Zook sees multiple pathways to liquidity. The first and most obvious is exiting as part of a control transaction, which he expects will be the exit strategy for the vast majority of CAZ’s team investments. “We expect to own these assets in many cases for a long, long time,” said Zook. “We specifically look at the investment as a multi-decade asset, but the reality is we won’t end up owning them that long. When we buy a position in one of these teams, we expect we’re going to own it for 10 to 20 years. What ends up happening is many of these positions trade a lot more frequently than maybe the world appreciates.”
Another avenue to liquidity is recapitalizations, a page taken straight from the private equity playbook. “The league puts restrictions on how much borrowing can occur on these teams’ balance sheets, but that doesn’t mean you can’t do a recap with a partner buyback or a distribution to get people some cash,” said Zook.
CAZ may also be able to exit through sales to other strategic buyers interested in acquiring a full slate of team stakes all at once.
Looking ahead, Zook sees far more sports investment opportunities for CAZ both within and outside of Arctos. CAZ already has a multibillion-dollar position with Dyal, and Zook says he has a close eye on HomeCourt, though the firm has yet to invest. He points to the minor leagues and to major league team deals that are too small for Arctos to pursue. And Zook believes there will soon be tremendous opportunity in the NFL, the last major holdout for allowing institutional team ownership.
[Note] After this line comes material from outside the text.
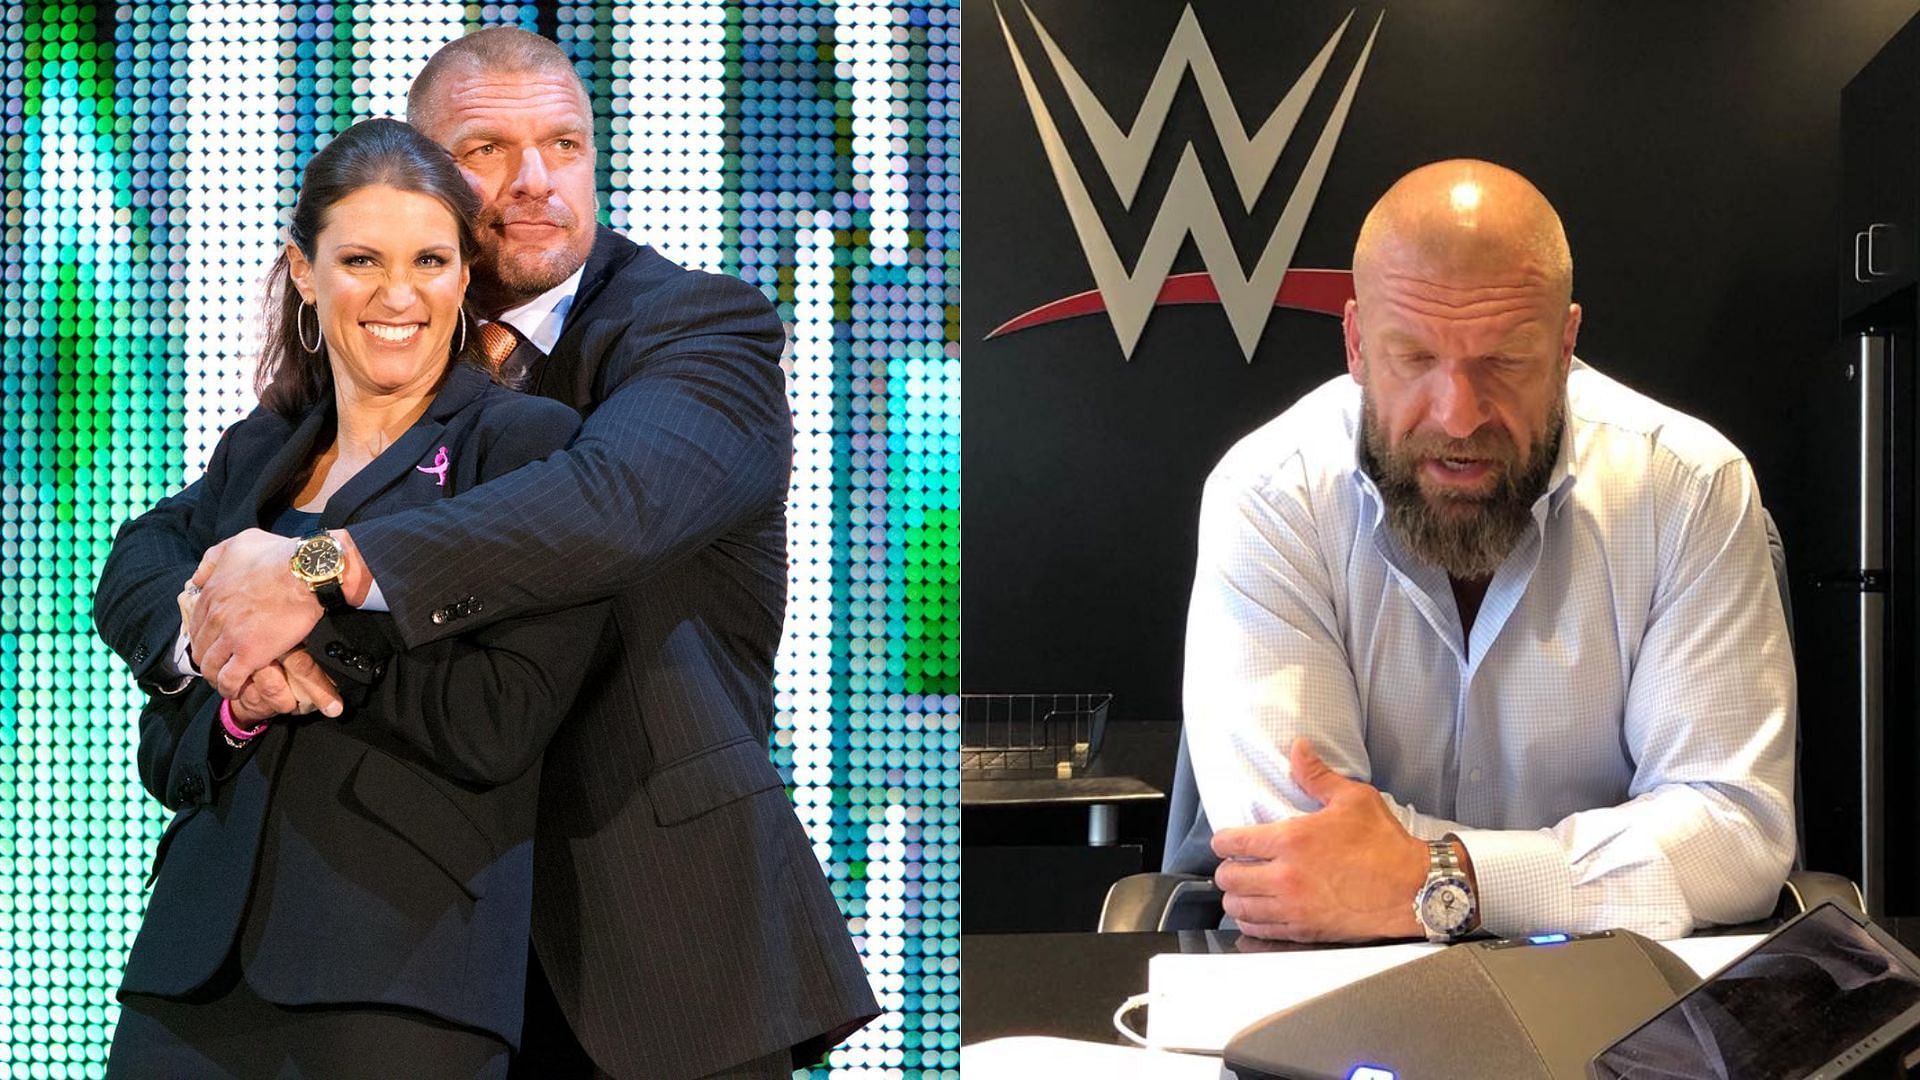 Stephanie McMahon and Triple H are often referred to as WWE

“The NFL has made it very clear that they are going to be the last to act,” said Zook. “They want to see how it works with everyone else and move slower, but I believe strongly that, within a reasonable period of time, and it could be soon, that the NFL could open itself up to the same type of covered fund concept that’s happened [in other leagues]. I’d be shocked if it doesn’t happen by the end of 2023.”